Maddie was on a ventilator because she couldn’t breathe on her own and they were both on big doses of morphine.
But I needed to be with Isaiah too. He was so young and needed his mum. And thankfully my mum, Lora, always stayed with the girls when I went home to see him.
One day, about three weeks after the girls were admitted, I came home and saw their babygrows in the airing cupboard.
I lost it. I screamed and cried, all my anger and fear pouring out.
I felt so cheated that these first weeks of their life were being snatched from me and that they might not ever make it home again.
Finally, 44 days later, the doctors said the girls were well enough to come home with us. I held them close as I carried them to the car.
They’d been through two gruelling rounds of chemo and still needed more anti-cancer drugs. But all that mattered was I could have them with me, in their room at our house in Grand Blanc, Michigan, USA.
Having them back home with us was amazing. Just being able to bathe and feed them was a joy. Though we did have to take the girls back to hospital for more treatment.

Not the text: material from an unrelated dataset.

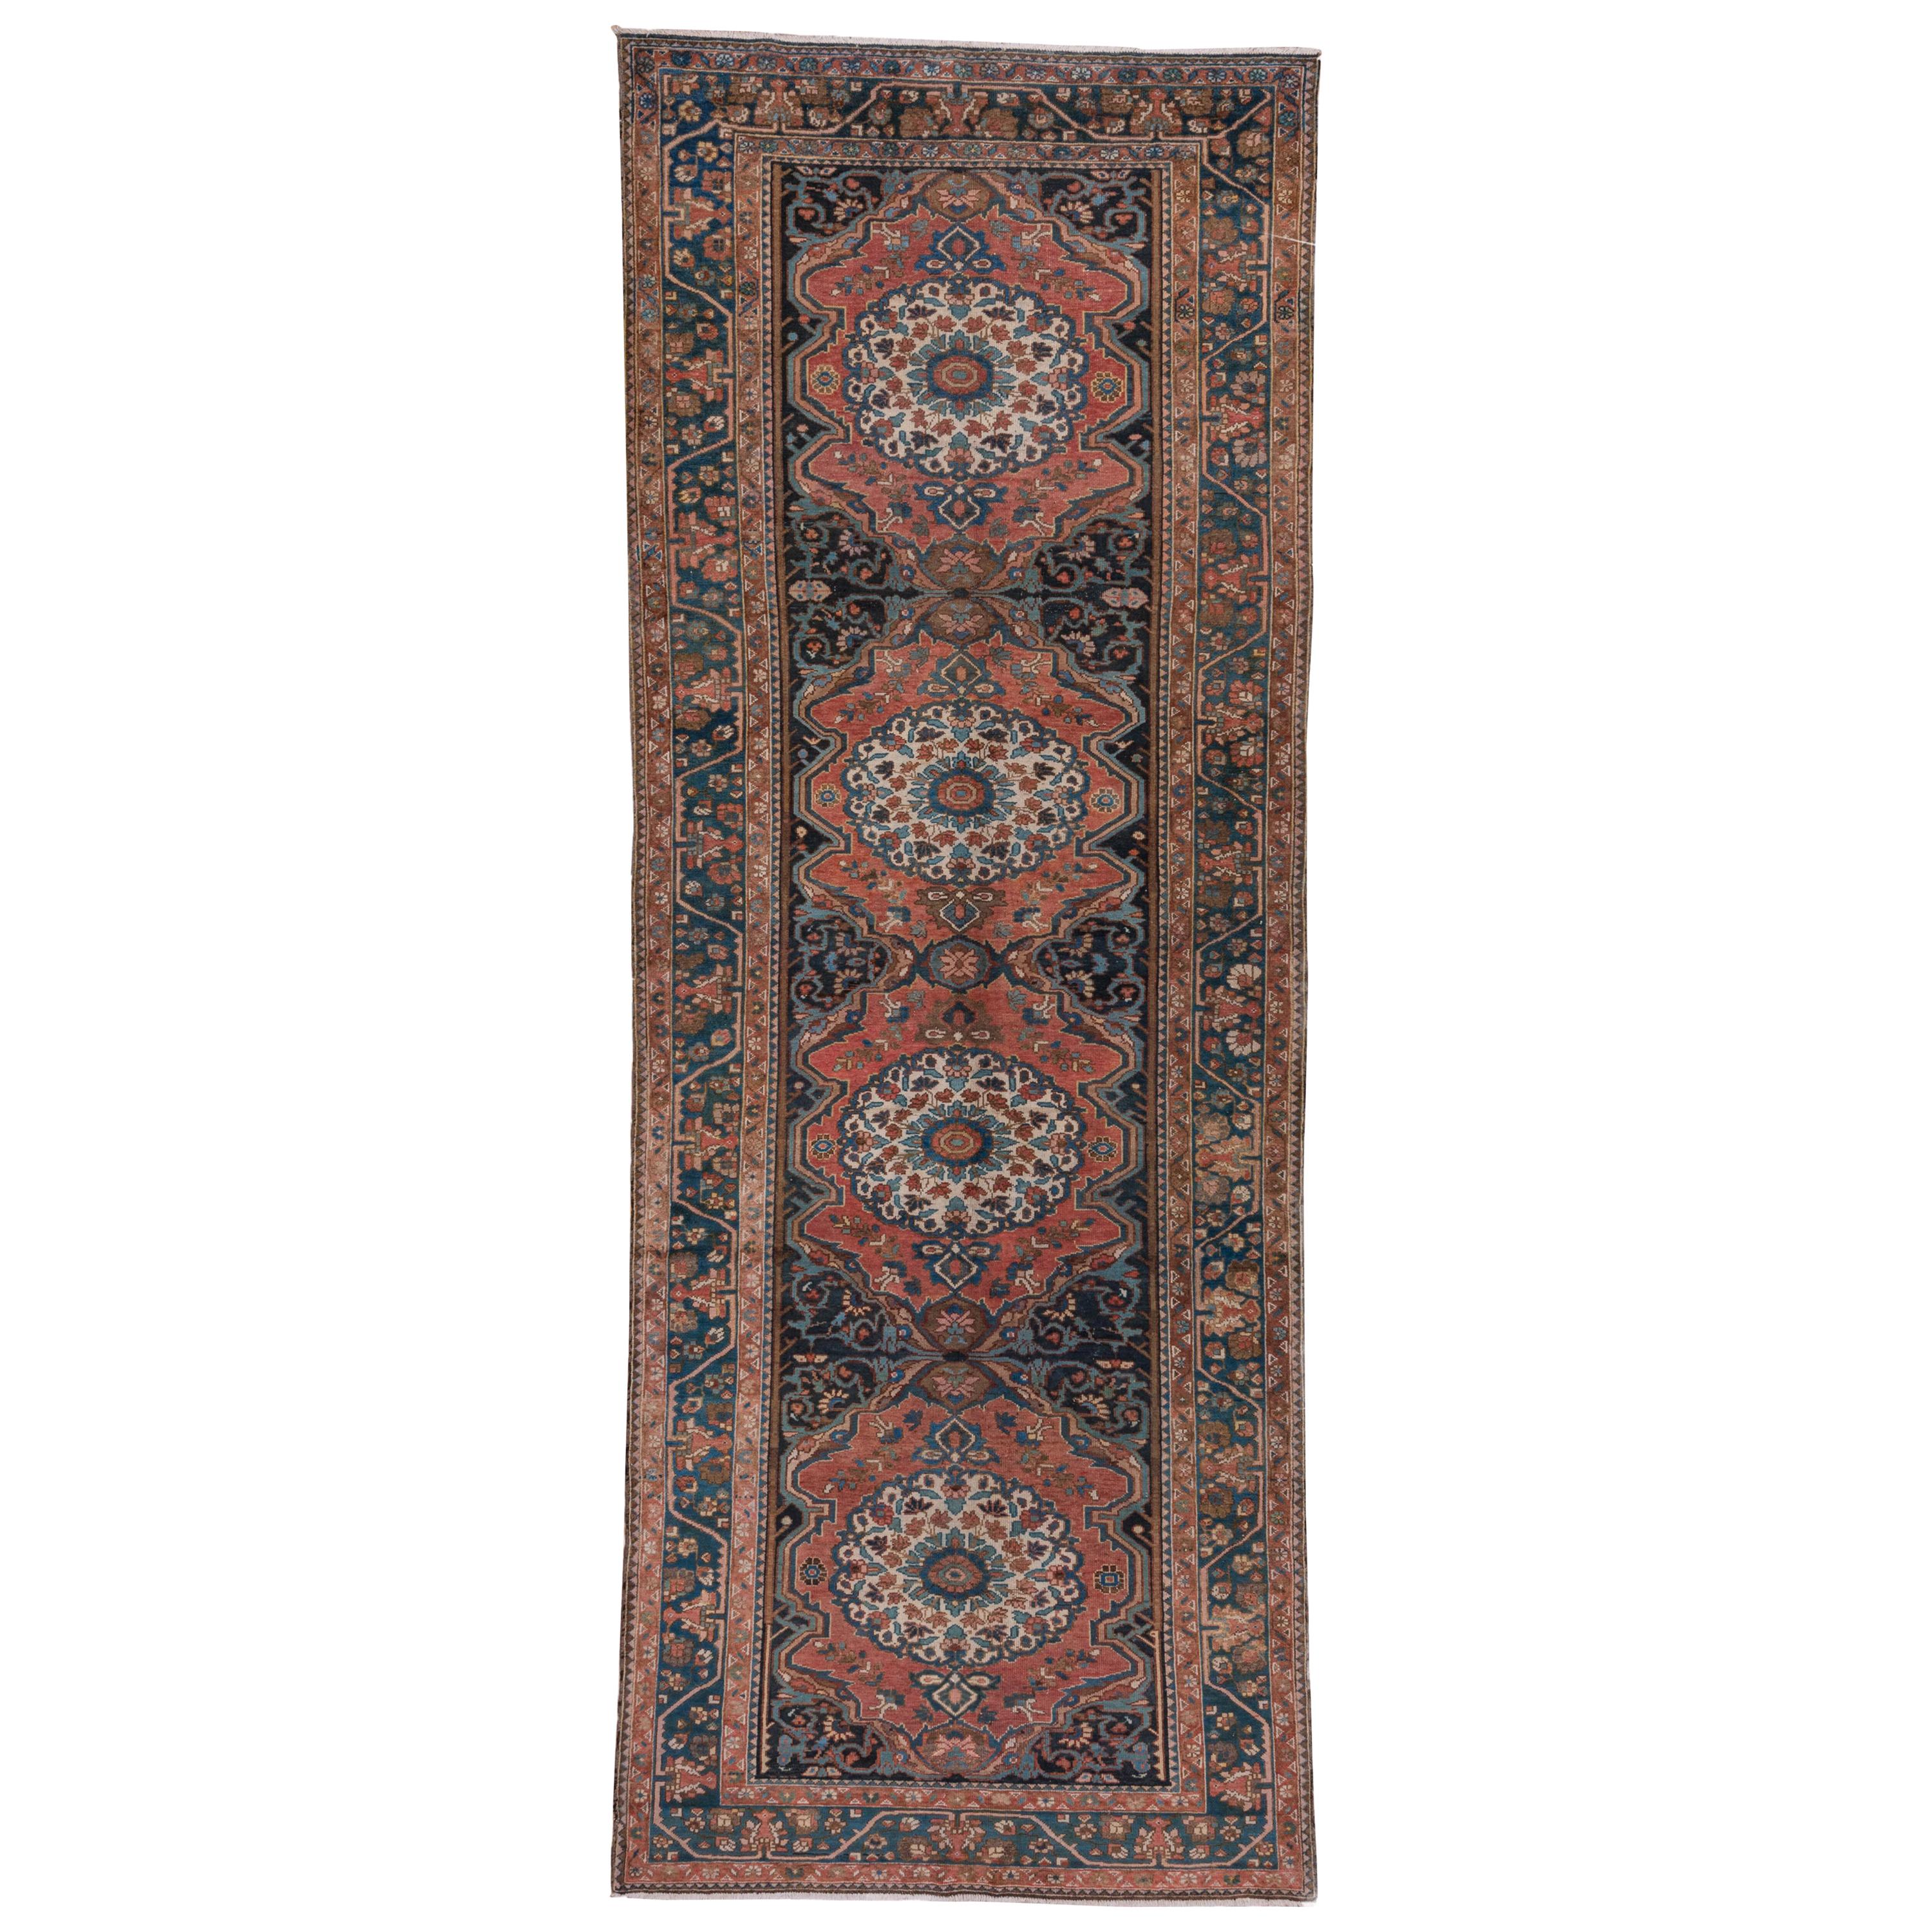 Antique Rustic Persian Bakhtiary Gallery Carpet, Rose and Blue Field
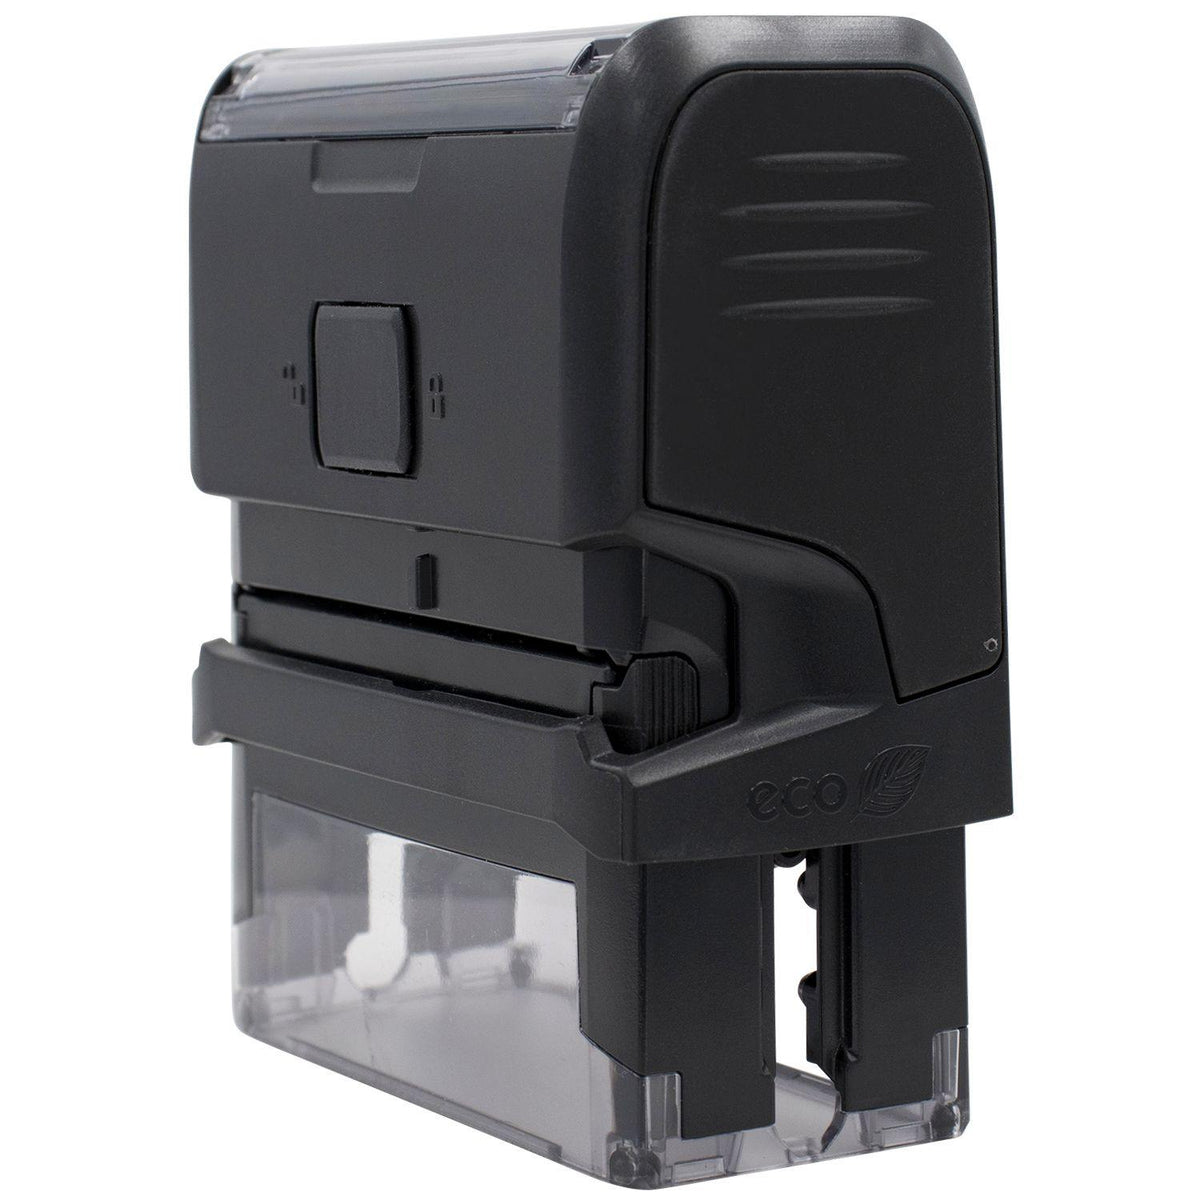 Side View of Large Self Inking Blue Ribbon Stamp at an Angle

On December 20, 2007, we got the news I’d hoped so badly for. After four rounds of chemotherapy my little girls were cancer-free. It felt so amazing. I couldn’t believe they’d both beaten the cancer.
It’s a year on now, and both girls are doing well. Their hair has grown back, and they are both full of life.
They still need regular scans and blood and urine tests to check the cancer hasn’t returned, and it’s hard not to want to wrap them up in cotton wool.
They can both walk already – it’s such a change from seeing them lying in their hospital cots surrounded by wires – and as they totter around the house I feel so lucky.
Some people have asked me whether I’ll tell Maddie she ‘gave’ Bella cancer, and of course I will. It’s nothing to feel bad about – she had no control over it
And in a weird way I think it’s for the best that Bella got it too. Otherwise Bella couldn’t have been with Maddie through her treatment and I’m sure it was their incredible bond that gave Maddie the strength to fight.
Dr Bruce Morland, a consultant specialist in children’s cancer and the Chairman of Children’s Cancer and Leukaemia Group, says: “This is fantastically rare.
“Neuroblastoma is one of the more common tumours. But like leukaemia it’s blood borne and as identical twins share a blood supply and a placenta then it can be ‘caught’.
“However it’s a one-way stream, so the mother won’t catch it. It couldn’t happen with non identical twins as they don’t share a placenta or blood supply.
“Neuroblastoma is quite common among infants and it’s not uncommon to be diagnosed on a scan or early in a baby’s life. Fortunately the majority of infants with neuroblastoma can be cured.”